5 dicembre 2017 aggiornato da: David Maloney, Fred Hutchinson Cancer Center

Trapianto allogenico di cellule staminali ematopoietiche con condizionamento non mieloablativo per pazienti con leucemia linfocitica cronica - Uno studio multicentrico

Questo studio clinico studia l'efficacia della somministrazione di fludarabina fosfato insieme all'irradiazione totale del corpo (TBI) prima del trapianto di cellule staminali del sangue periferico del donatore nel trattamento di pazienti con leucemia linfatica cronica o leucemia linfocitica a piccole cellule. Somministrare basse dosi di chemioterapia, come la fludarabina fosfato, e TBI prima di un trapianto di cellule staminali del sangue periferico da donatore aiuta a fermare la crescita delle cellule tumorali. Somministrare la chemioterapia prima o dopo il trapianto di cellule staminali del sangue periferico impedisce anche al sistema immunitario del paziente di rigettare le cellule staminali del donatore. Le cellule staminali donate possono sostituire le cellule immunitarie del paziente e aiutare a distruggere eventuali cellule tumorali rimanenti (effetto trapianto contro tumore). A volte le cellule trapiantate da un donatore possono anche produrre una risposta immunitaria contro le cellule normali del corpo. La somministrazione di ciclosporina e micofenolato mofetile prima e dopo il trapianto può impedire che ciò accada.

Panoramica dello studio

Stato

Completato

Condizioni

Intervento / Trattamento

Descrizione dettagliata

OBIETTIVI PRIMARI:

I. Determinare se il trapianto allogenico di cellule staminali ematopoietiche (HSCT) non mieloablativo da donatori compatibili può migliorare la probabilità di sopravvivenza 18 mesi dopo il fallimento del trattamento per fludarabina (fludarabina fosfato), fludarabina fosfato, ciclofosfamide e rituximab (FCR) , o del 17p leucemia linfocitica cronica (LLC) oltre a quella osservata nei controlli storici (30%).

OBIETTIVI SECONDARI:

I. Valutare il tasso di recidiva con HSCT allogenico utilizzando il condizionamento non mieloablativo per i pazienti con LLC refrattaria alla fludarabina, FCR fallita o del 17p rispetto ai dati storici sull'HSCT autologo.

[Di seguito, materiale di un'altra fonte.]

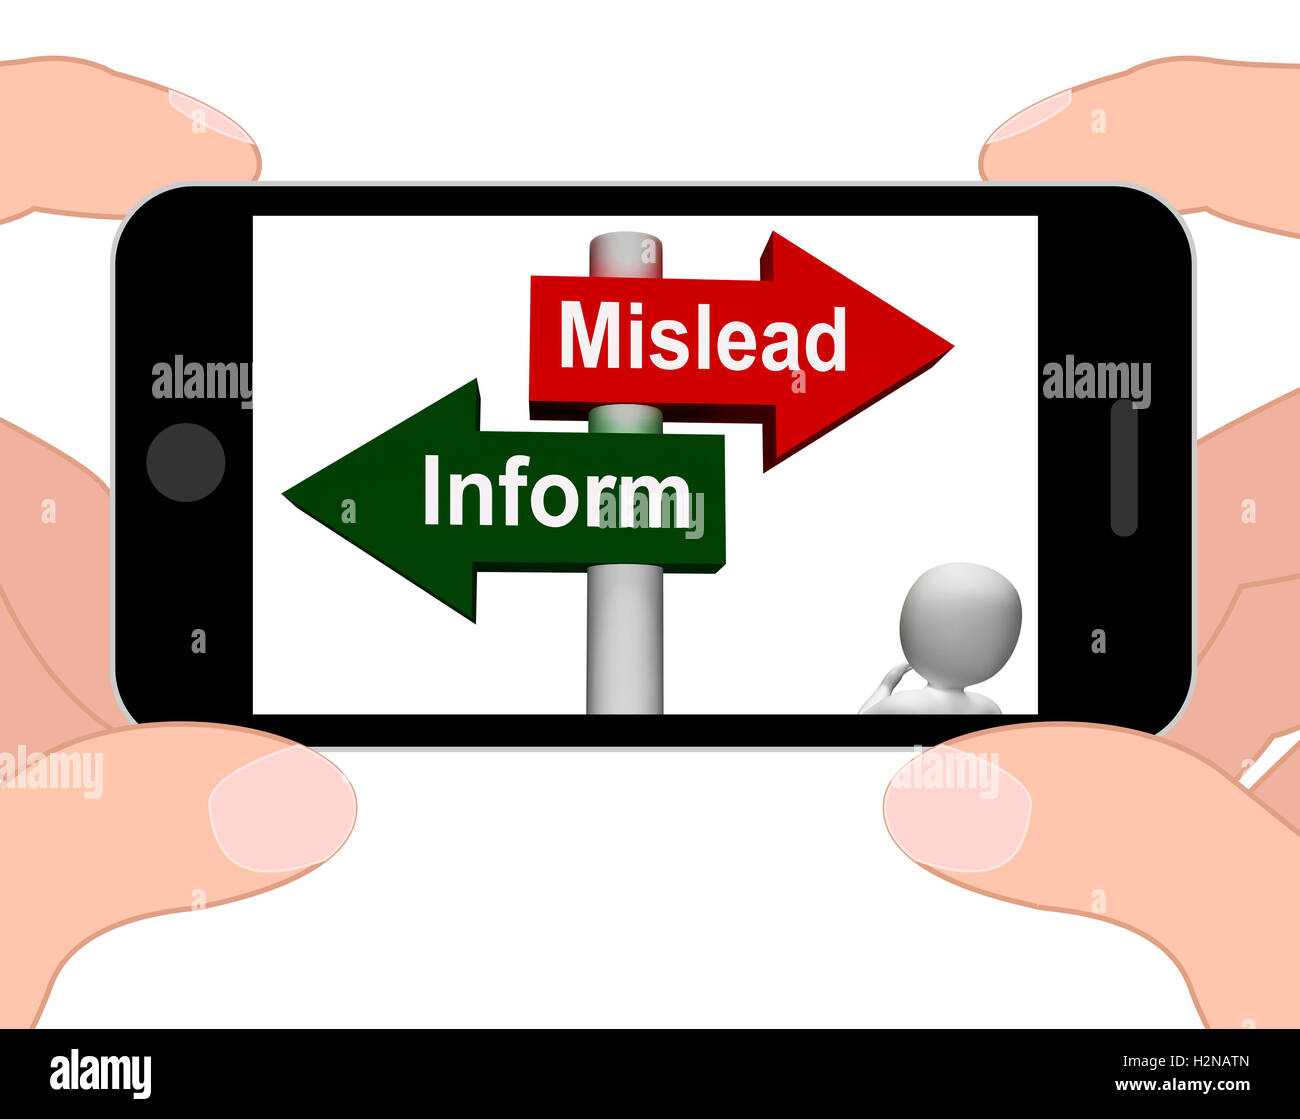 Mislead Inform Signpost Displaying Misleading Or Informative Advice Stock Photo

II. Per stimare l'incidenza della malattia acuta del trapianto contro l'ospite (GVHD) e della GVHD cronica di grado 2-4 in pazienti con CLL trattati con TBI a basso dosaggio, fludarabina, infusione di cellule staminali del sangue periferico (PBSC) e immunosoppressione con ciclosporina e micofenolato mofetile .

III. Per caratterizzare il tasso e i tipi di infezioni con questo regime.

IV. Stimare il tasso di mortalità correlata al trapianto nei primi 200 giorni.

CONTORNO:

CONDIZIONAMENTO NON MIELOABLATIVO: i pazienti ricevono fludarabina fosfato per via endovenosa (IV) nei giorni da -4 a -2 e TBI il giorno 0.

TRAPIANTO: I pazienti vengono sottoposti a trapianto allogenico di cellule staminali del sangue periferico il giorno 0.

PROFILASSI GVHD: i pazienti ricevono ciclosporina per via orale (PO) ogni 12 ore nei giorni da -3 a 180 con riduzione graduale a partire dal giorno 56 e micofenolato mofetile PO ogni 12 ore nei giorni 0-27.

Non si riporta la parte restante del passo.